Dataset section ▸
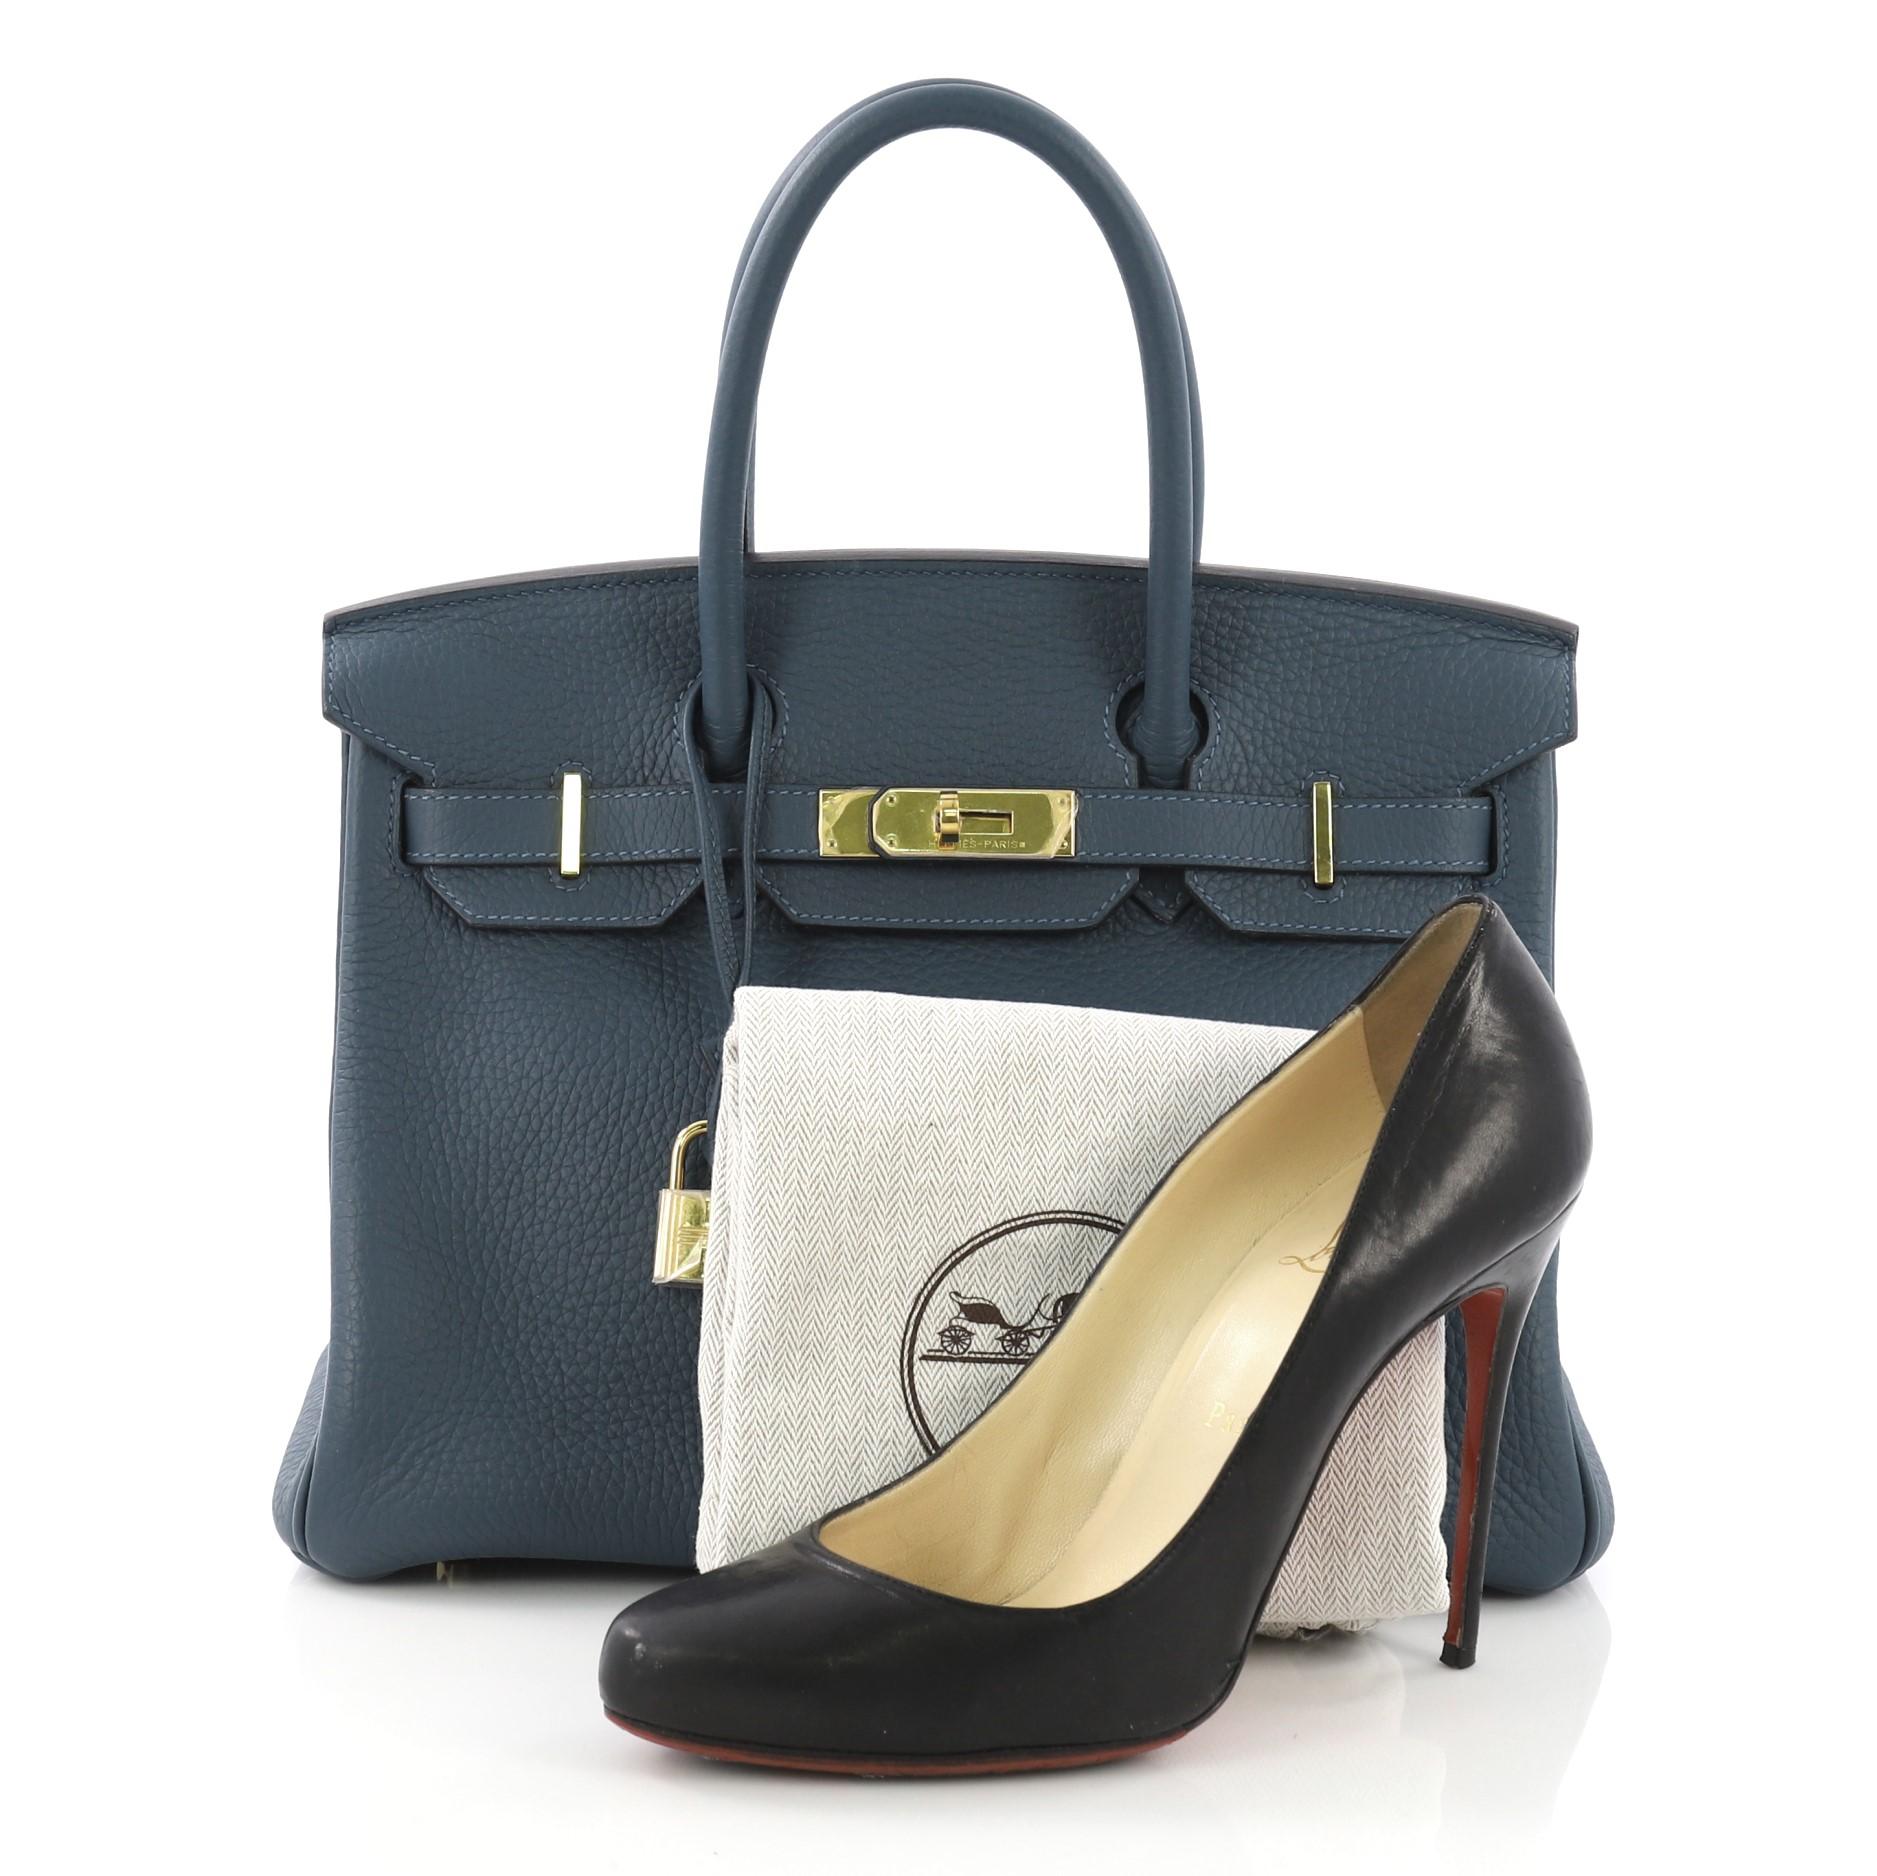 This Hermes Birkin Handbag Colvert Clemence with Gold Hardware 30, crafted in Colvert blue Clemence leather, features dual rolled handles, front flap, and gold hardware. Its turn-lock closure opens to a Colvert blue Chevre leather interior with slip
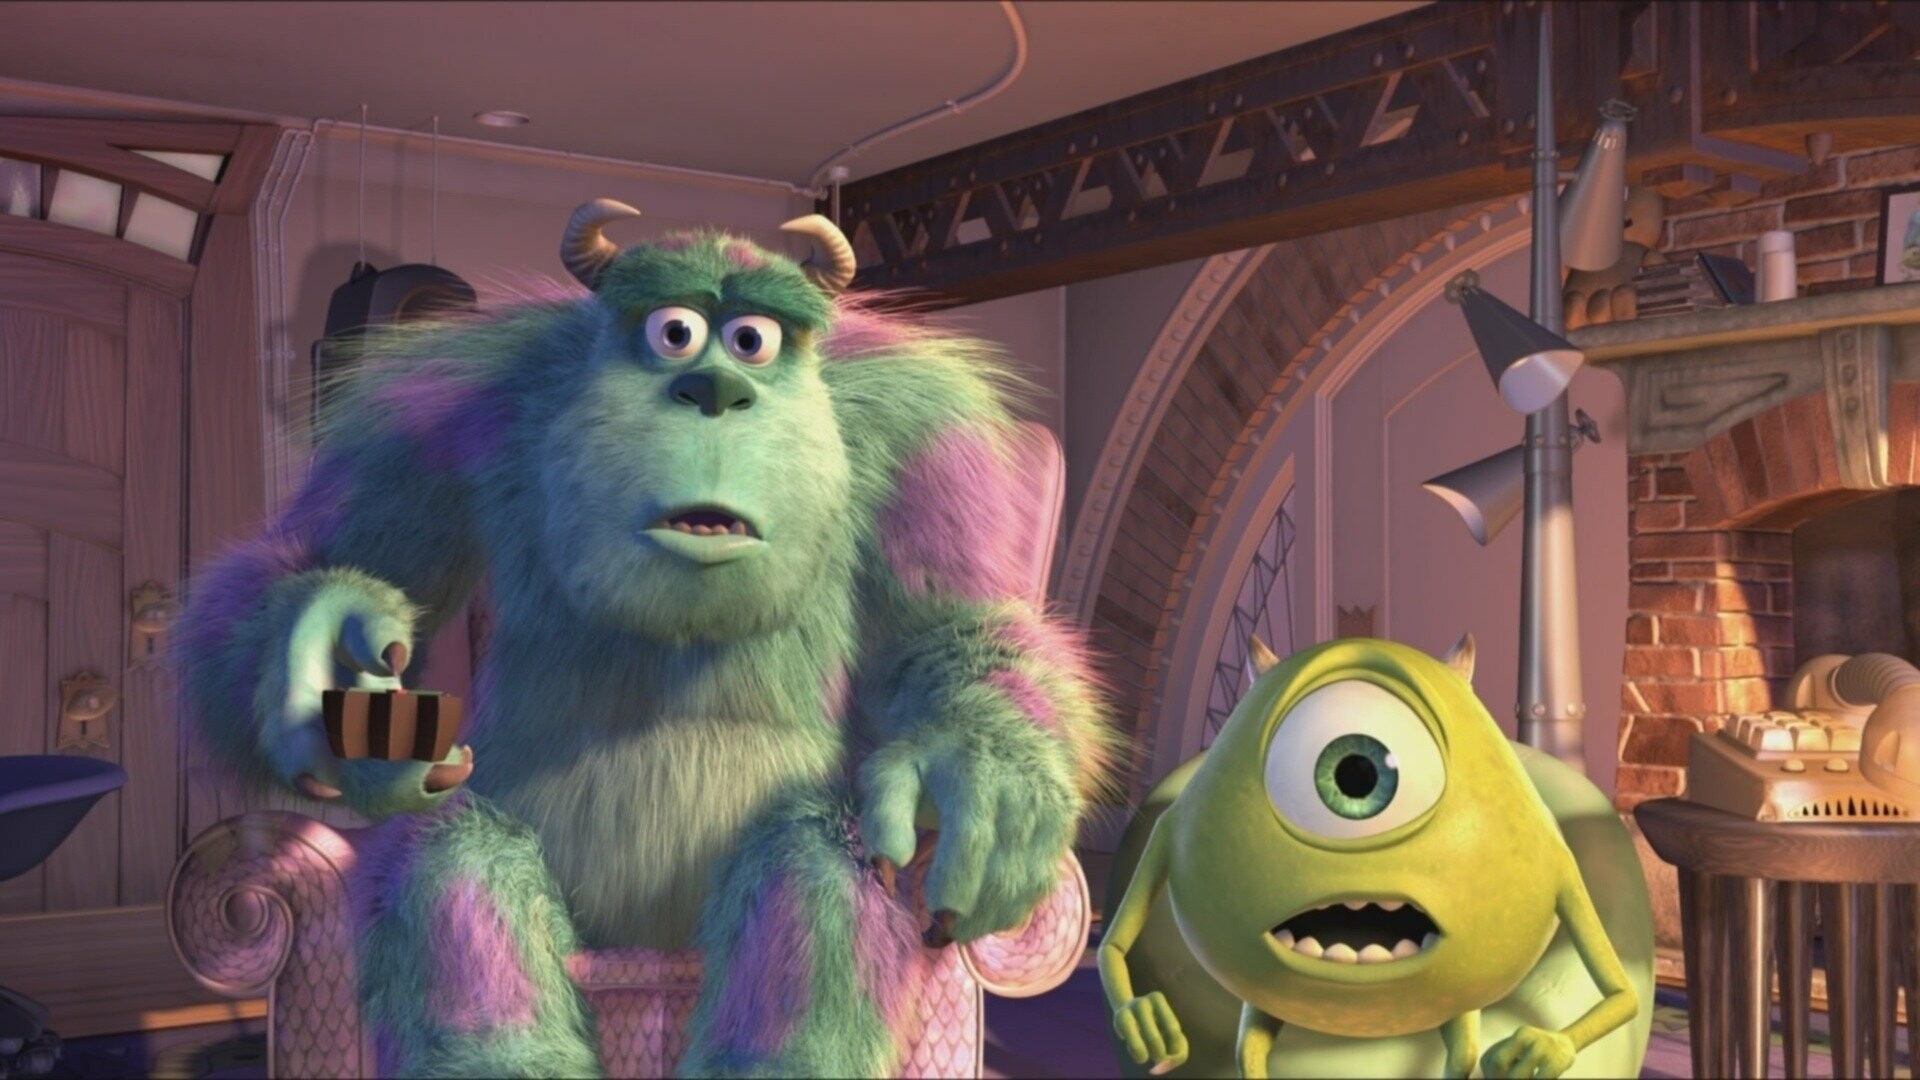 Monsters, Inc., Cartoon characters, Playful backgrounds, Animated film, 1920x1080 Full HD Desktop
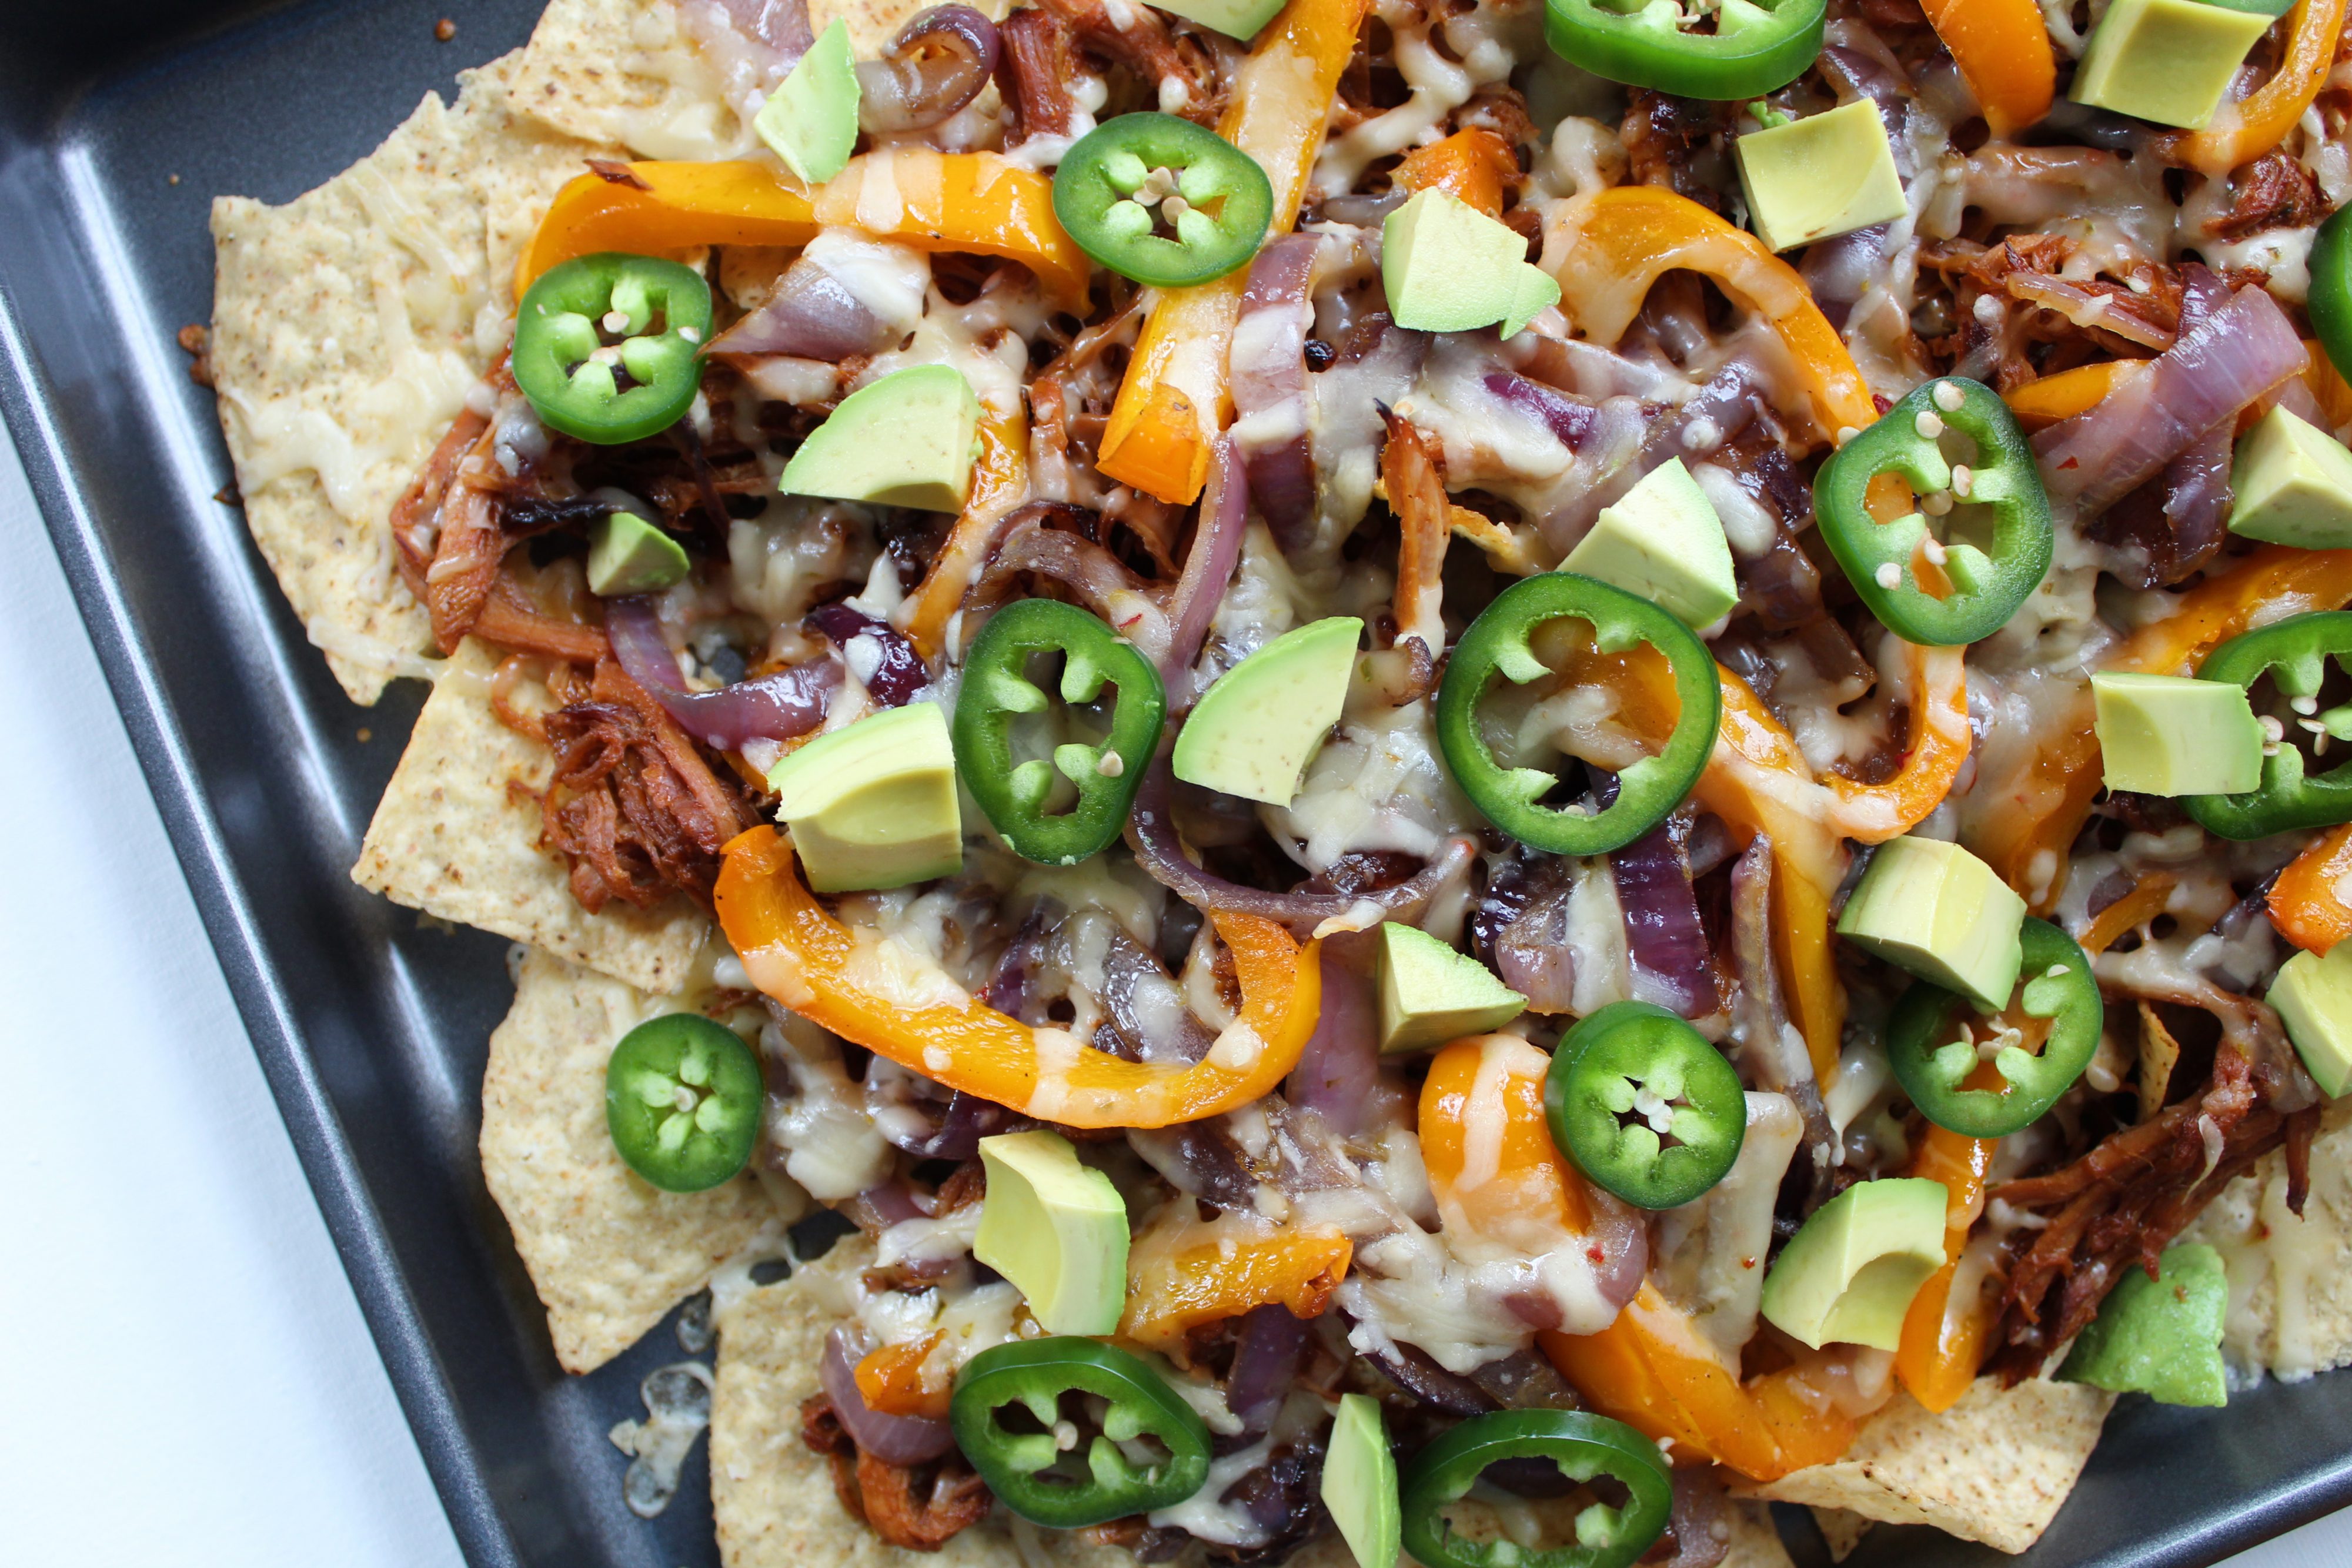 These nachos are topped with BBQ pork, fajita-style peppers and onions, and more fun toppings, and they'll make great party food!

What the task requires ▸
Retype the whole listing, keeping every line identical and omitting all pictures.

Exercise answer ▸
 This Hermes Birkin Handbag Colvert Clemence with Gold Hardware 30, crafted in Colvert blue Clemence leather, features dual rolled handles, front flap, and gold hardware. Its turn-lock closure opens to a Colvert blue Chevre leather interior with slip
 Monsters, Inc., Cartoon characters, Playful backgrounds, Animated film, 1920x1080 Full HD Desktop
 These nachos are topped with BBQ pork, fajita-style peppers and onions, and more fun toppings, and they'll make great party food!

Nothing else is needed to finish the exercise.